The Archbishop arrived in response to a year-and-a-half-old invitation of the Federal Council of Churches, and an invitation by the Protestant Episcopal Church. He had come on a flurry of ecclesiastical errands, to:
¶ Foster the practice of international visits between dignitaries of U.S. churches and the Church of England.
¶ Assist in the laying on of hands when Boston's Very Rev. Angus Dun is consecrated Bishop of Washington at the Cathedral of SS. Peter and Paul (April 19).
¶ Discuss closer cooperation between the Episcopal and Anglican Churches, especially in missionary work (the Archbishop is a vice chairman of the International Missionary Council) and plans for the postwar world.
¶ Meet with clergy of all denominations at Manhattan's Fifth Avenue Presbyterian Church.
¶ Visit the Most Rev. Derwyn T. Owen, Primate of the Church of England in Canada, at Toronto, where the Archbishop will discuss with Canadian church leaders postwar missionary and rehabilitation problems.
War's Desperate Surgery. These program notes might be important to churchmen. But most laymen did not know who the Archbishop was. They might remember vaguely that Dr. Garbett was jointly responsible (with the Archbishop of Canterbury) for proclaiming the necessity of a New World Order embodied in the revolutionary Malvern Resolutions (TIME, Jan. 20, 1941).
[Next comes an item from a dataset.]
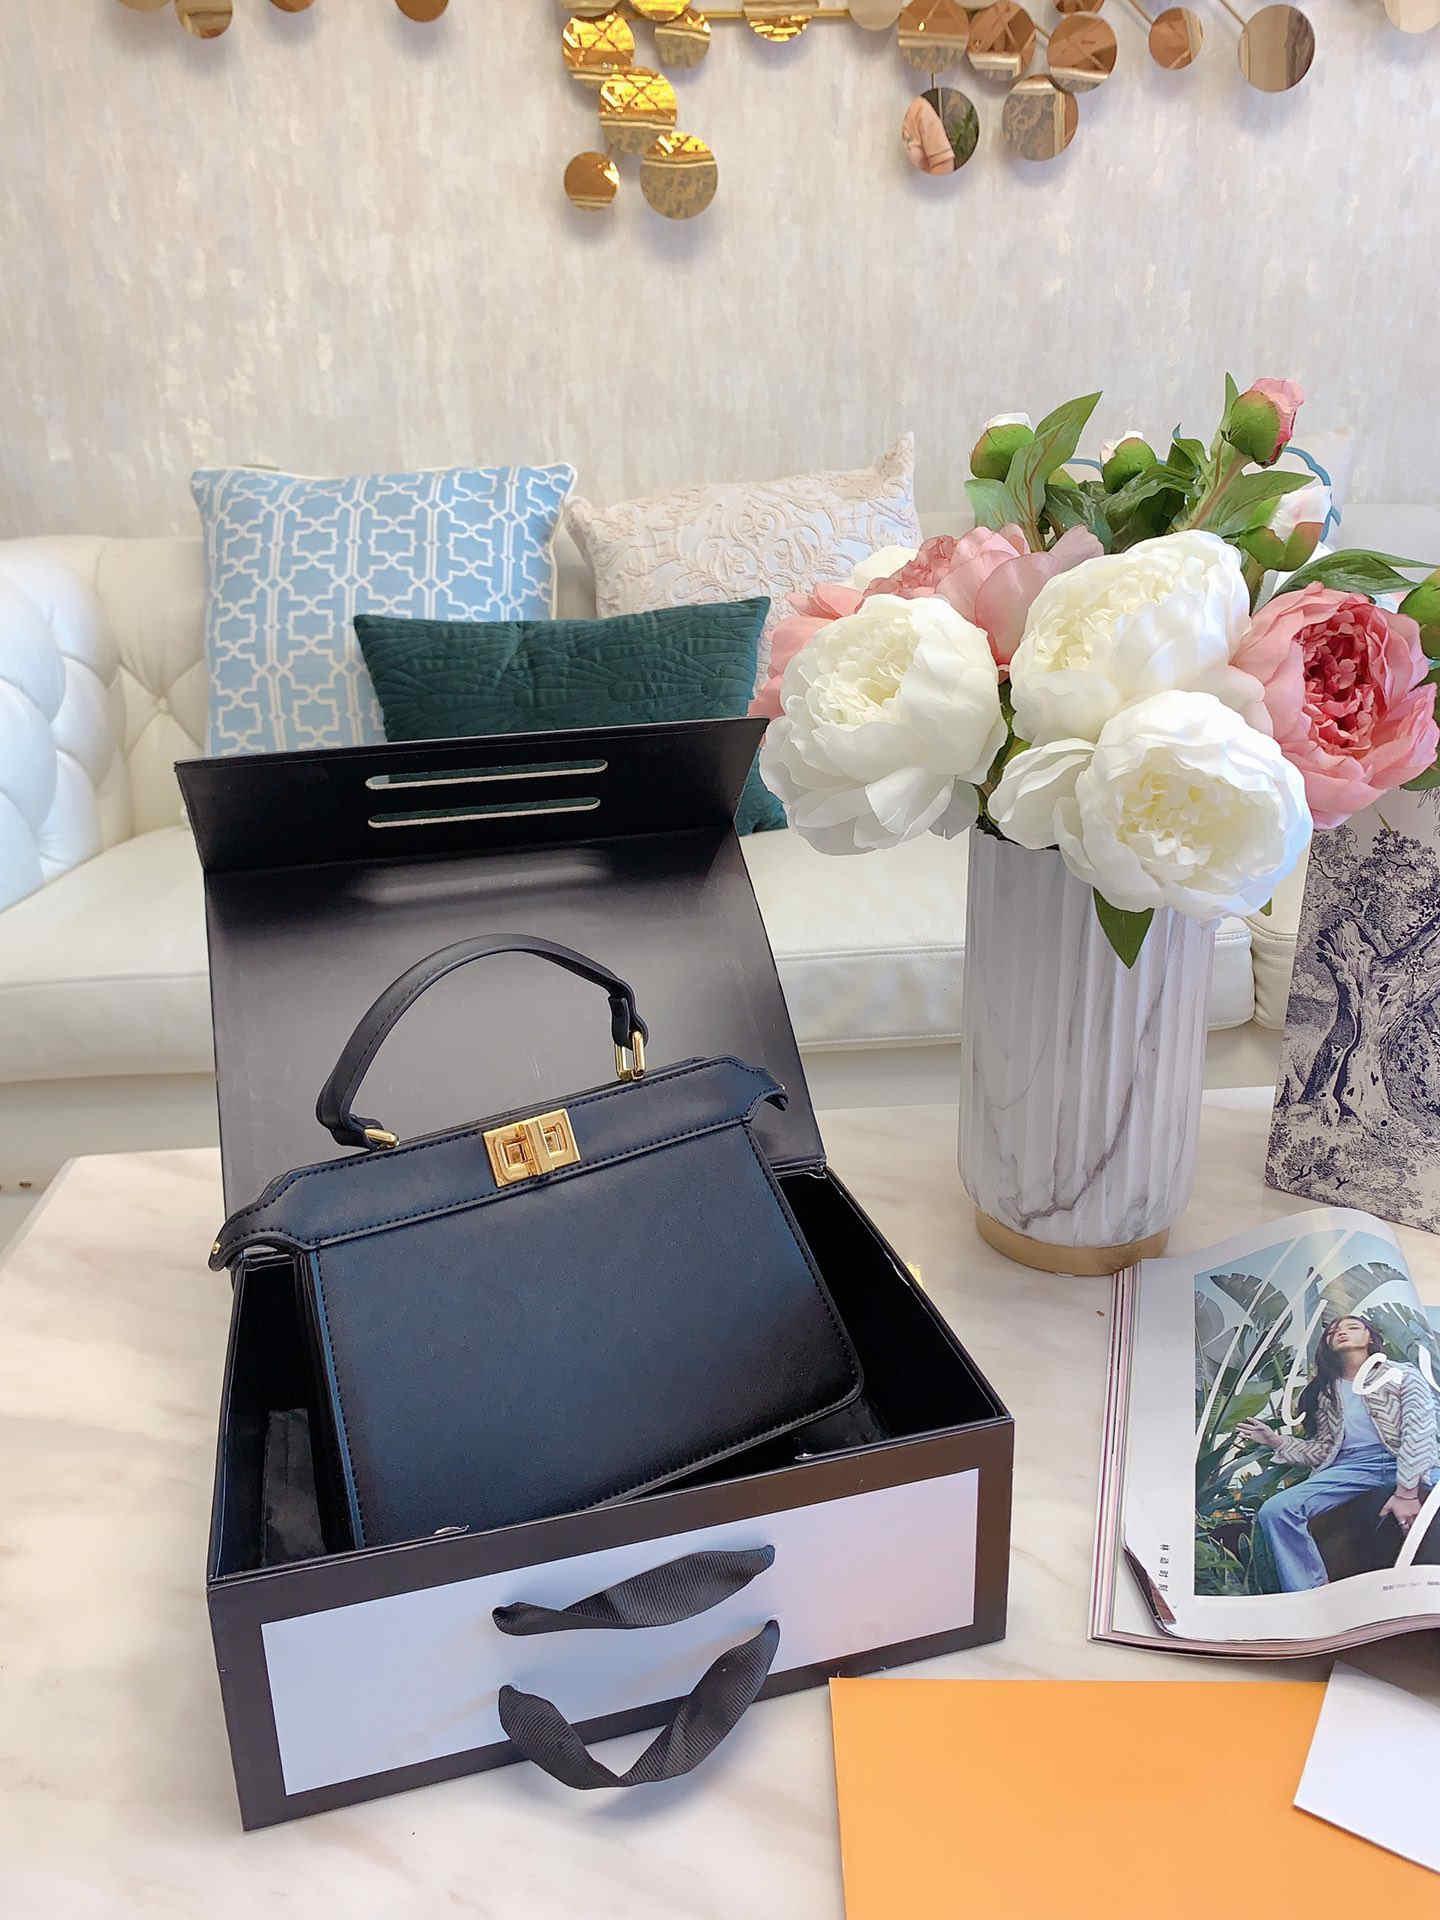 Deisigner наплечная сумка для женщин грудь пакет леди тотализатор цепи сумки пресбиопический кошелек сумка посыльного дизайнерские сумки холст Оптовая продажа lts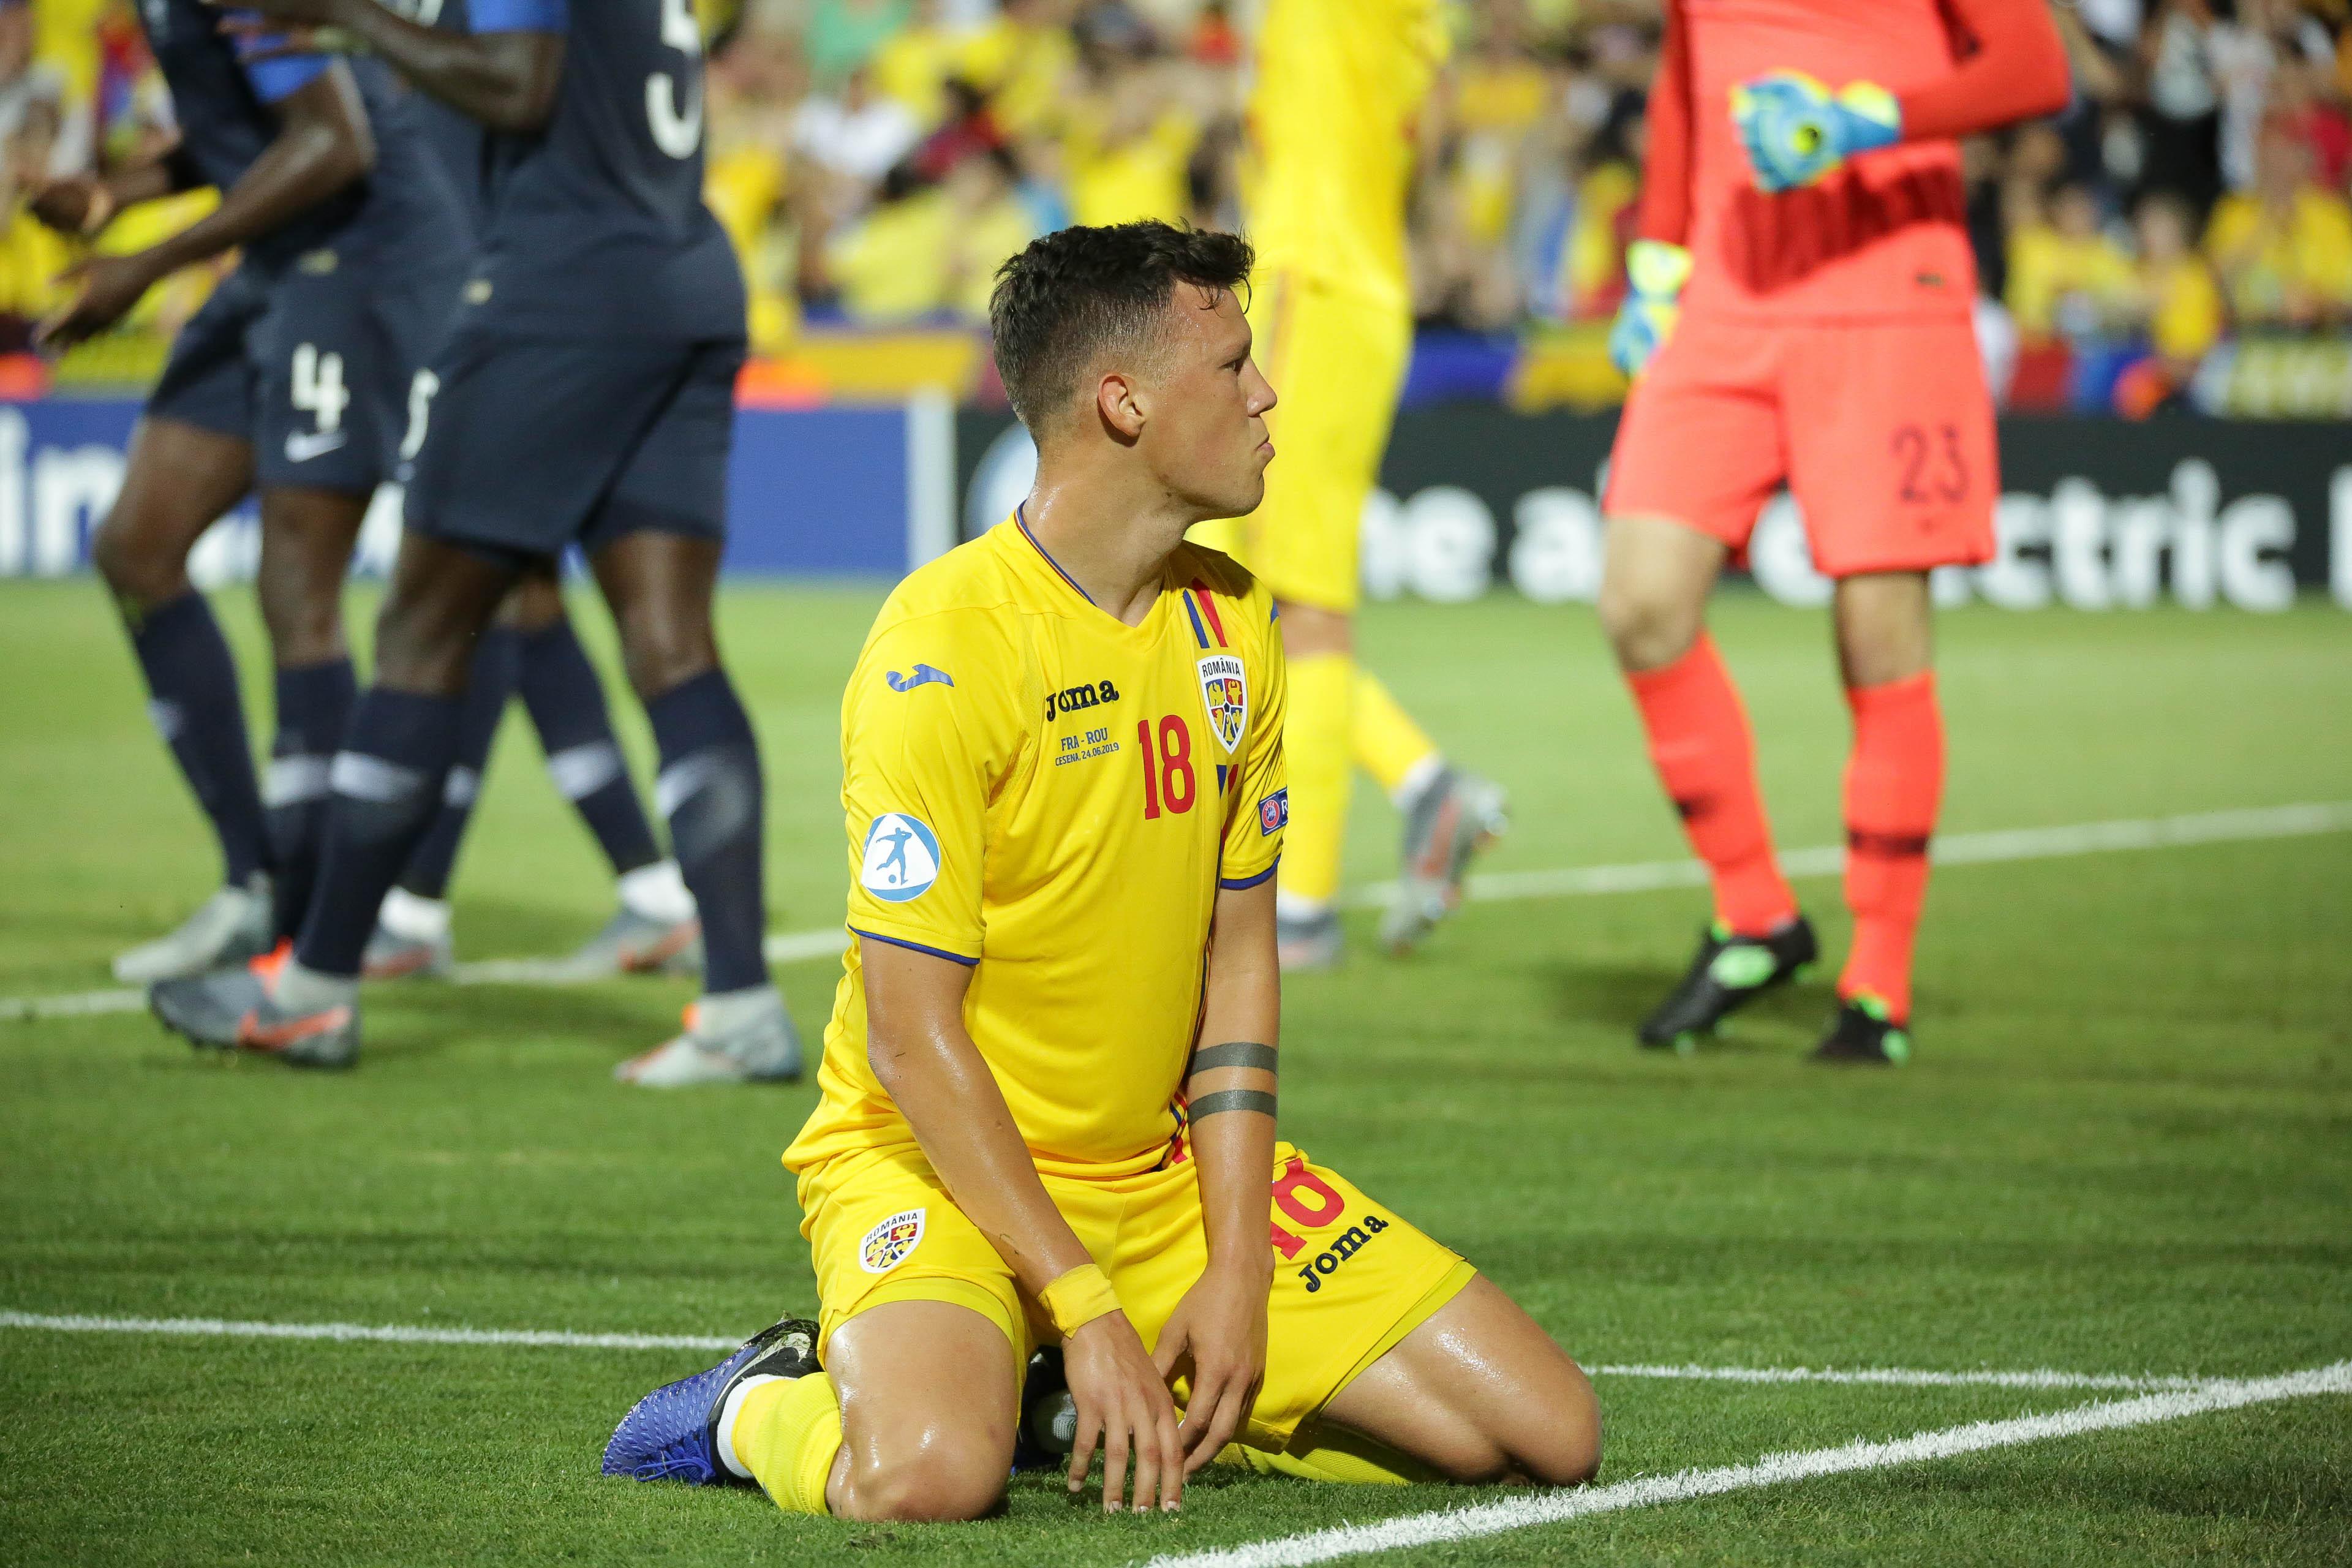 Adrian Rus într-un meci jucat de echipa națională a României U21 la EURO 2019. Sursă foto: sportpictures.eu

They might also remember that last September Dr. Garbett had taken a long trip in the opposite directionto Moscow, to give the hand of traditional ecumenical brotherhood to Russia's newly reinstated Patriarch. (Last week Patriarch Sergei gave the back of his hand to Pius XII, declared, in the Journal of the Moscow Patriarchate, that the Pope is not Christ's Vicar on earth.)